Re: Servlet question from Thierry Sourbier on 2001-10-19 (www-international@w3.org from October to December 2001)

From: Thierry Sourbier <webmaster@i18ngurus.com>
Date: Fri, 19 Oct 2001 15:29:24 +0200
To: <www-international@w3.org>
Message-ID: <007101c158a2$126c05a0$4fadfea9@dell400>

Sourav,

> The problem is setContentType works fine when the string you are
> printing out is an Unicode string.

Well, all strings are assumed to be Unicode in Java, that's a feature and
the big difference with a byte stream. If you have non-Unicode strings that
means that you didn't read them with the proper encoding and the problem
would better be solved there.

> Where as if content type is specified through meta tag what I found even
> the non unicode string is displayed properly. I don't know how it works.

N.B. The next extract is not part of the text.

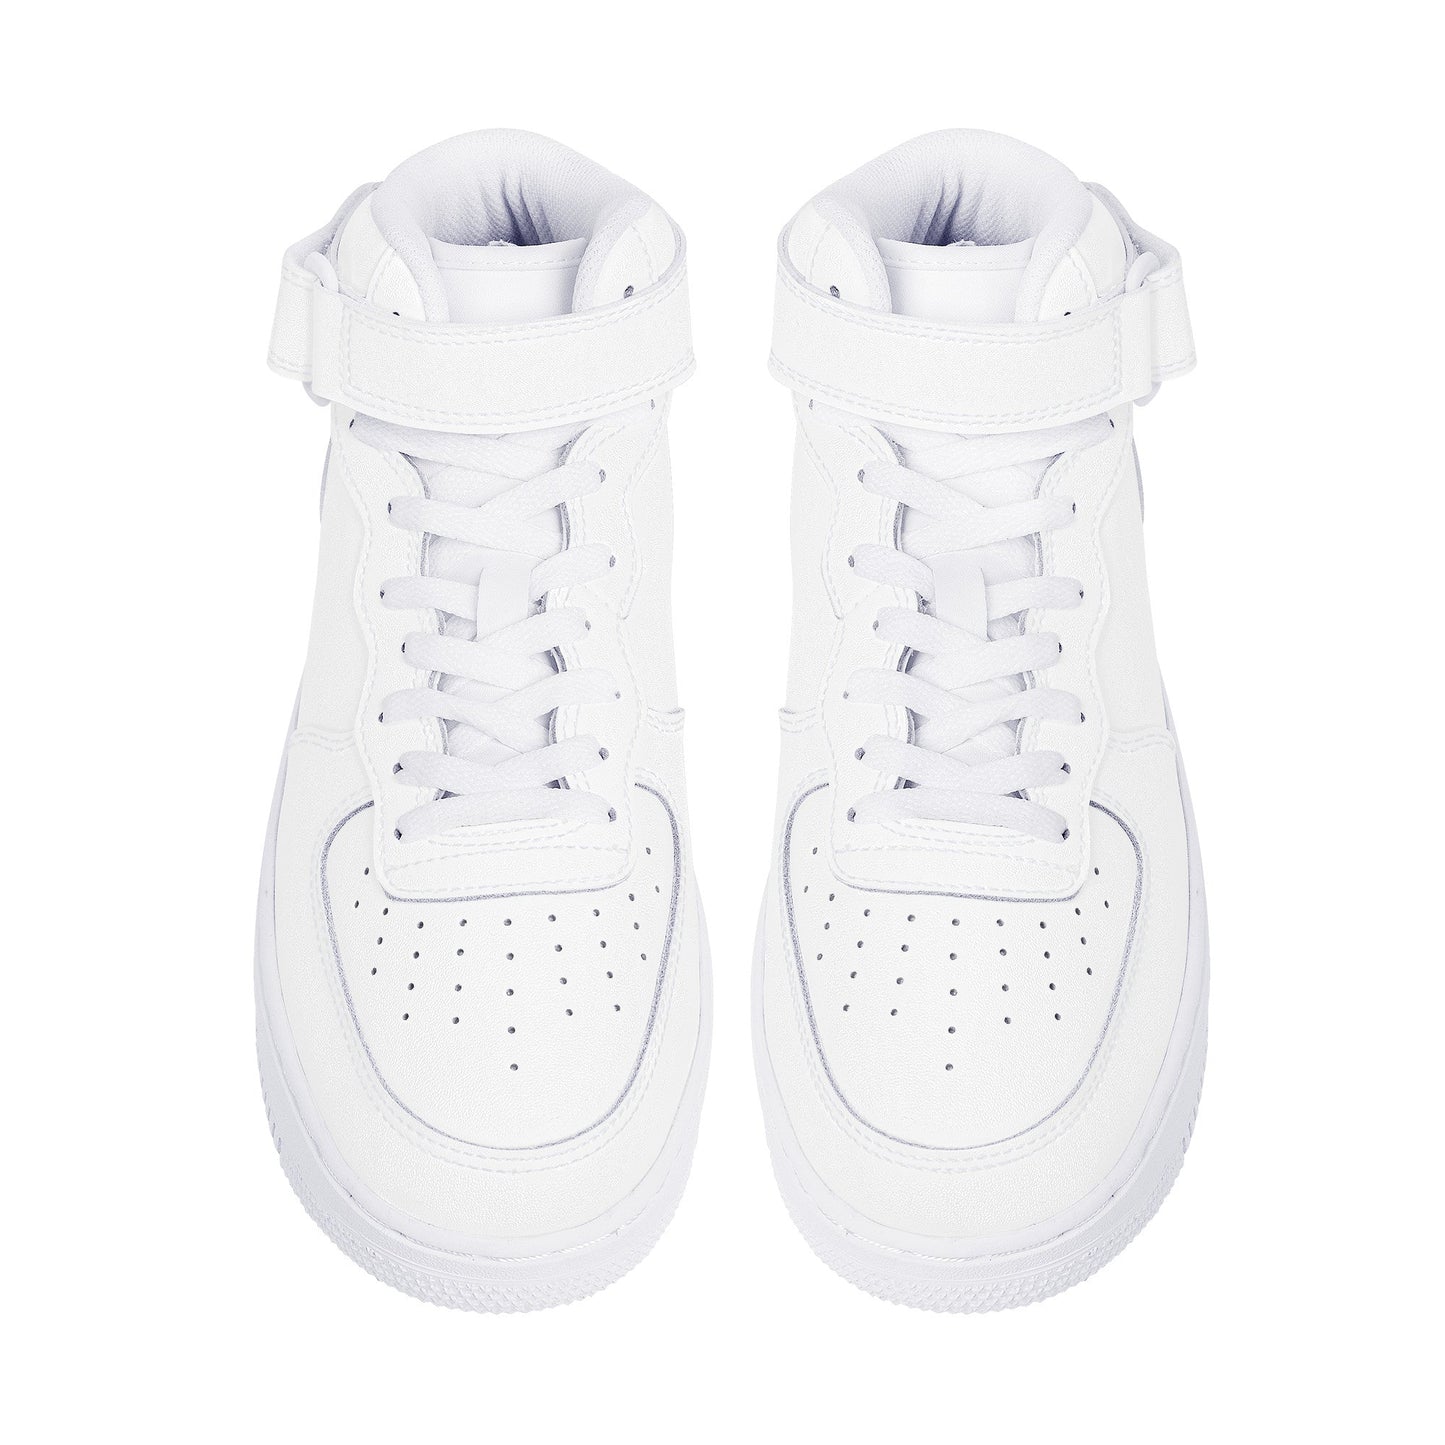 Custom High Top Unisex Sneakers -SF F9 Colloid Colors 
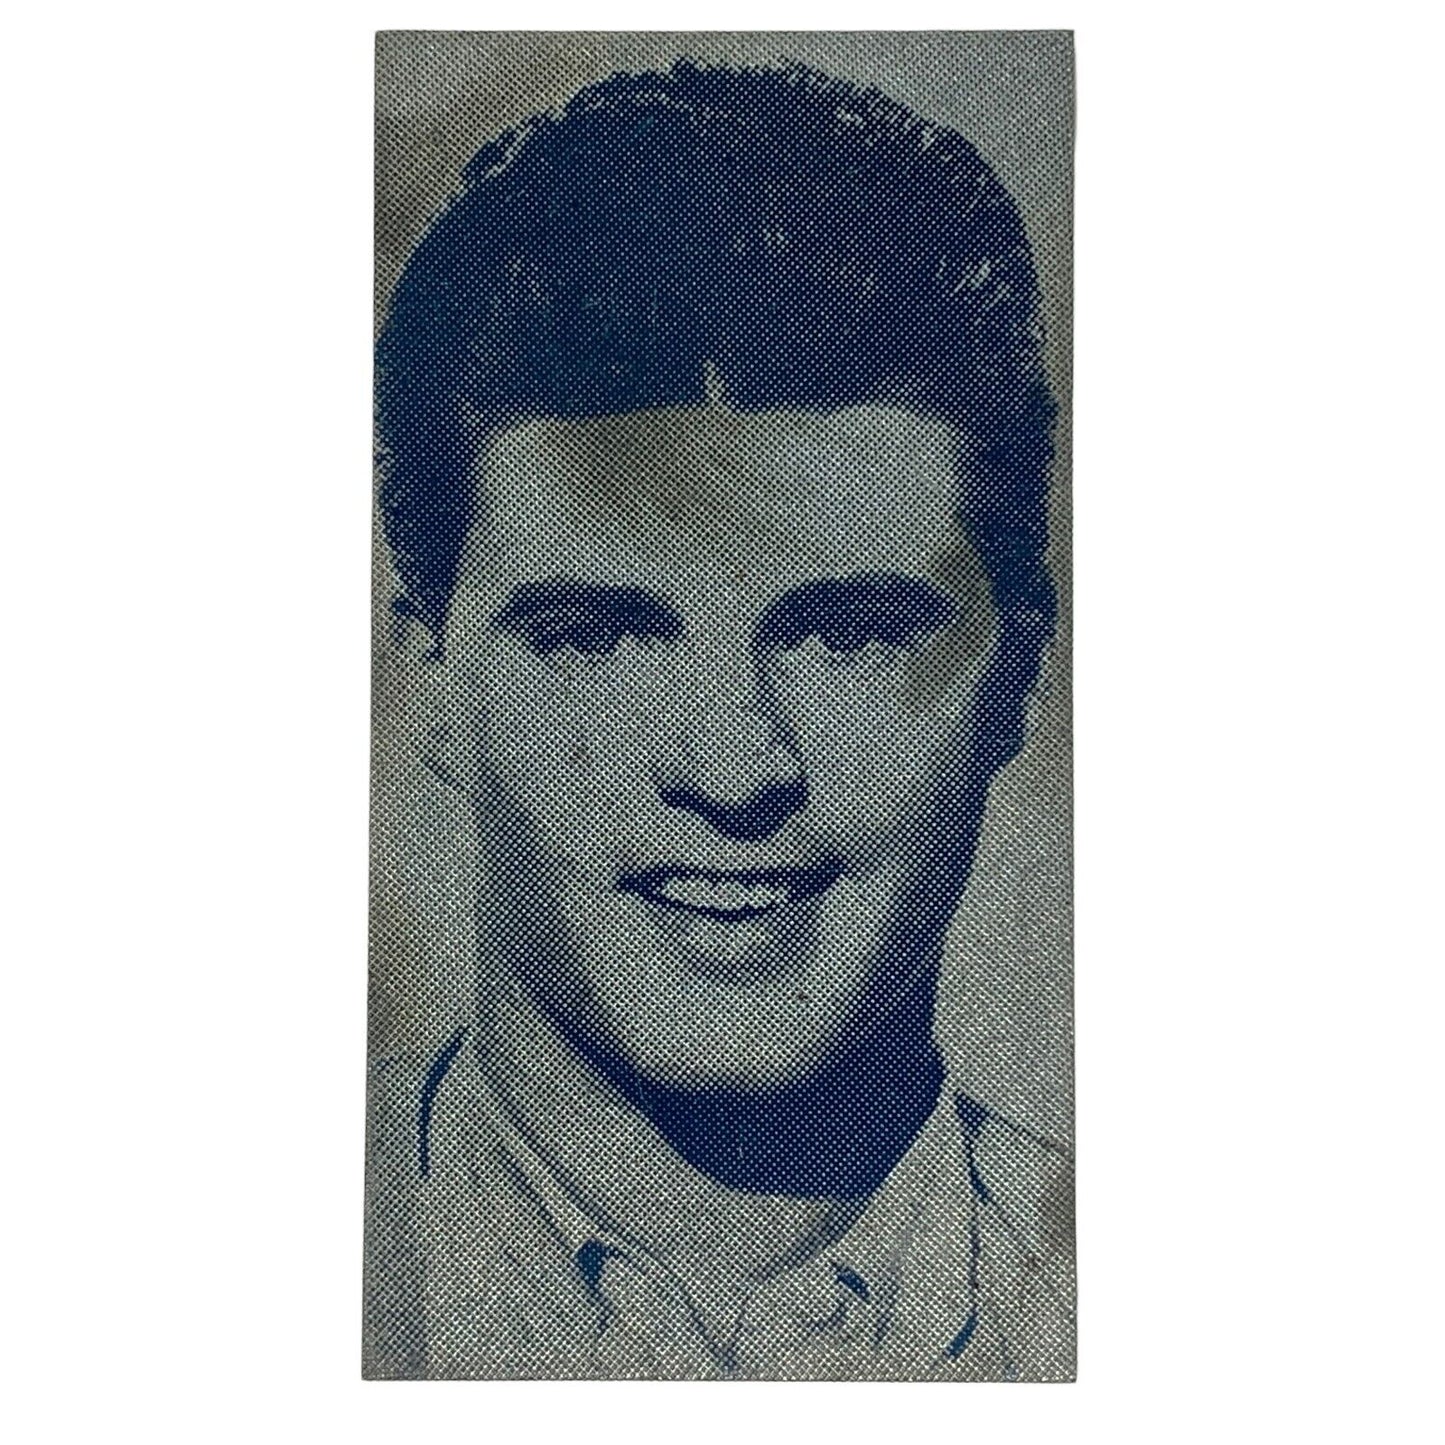 Ricky Nelson Newspaper Metal Printing Plate Photograph Rock Music Vintage 1961

Well it is a case where 2 mistakes compensate one another :). You are
relying on the default encoding for both the input and output when your data
obviously is using a different encoding. This works fine only as your
default encoding is likely a single byte with no invalid values (e.g.
CP1252). Yet be aware that you can't manipulate the string in your Java code
as you may corrupt/lose the data because Java does not know anymore what is
a character (e.g. just try to do a character count...).  As you've already
discovered it when you tried to use the setContentType API, your code will
also quickly become a maintenance nightmare. In a multilingual environement,
it is therefore best to specify the encoding used for any input/output even
if in some case (like yours) it seems to work fine if you don't.

Regards,
Thierry

Received on Friday, 19 October 2001 09:55:16 UTC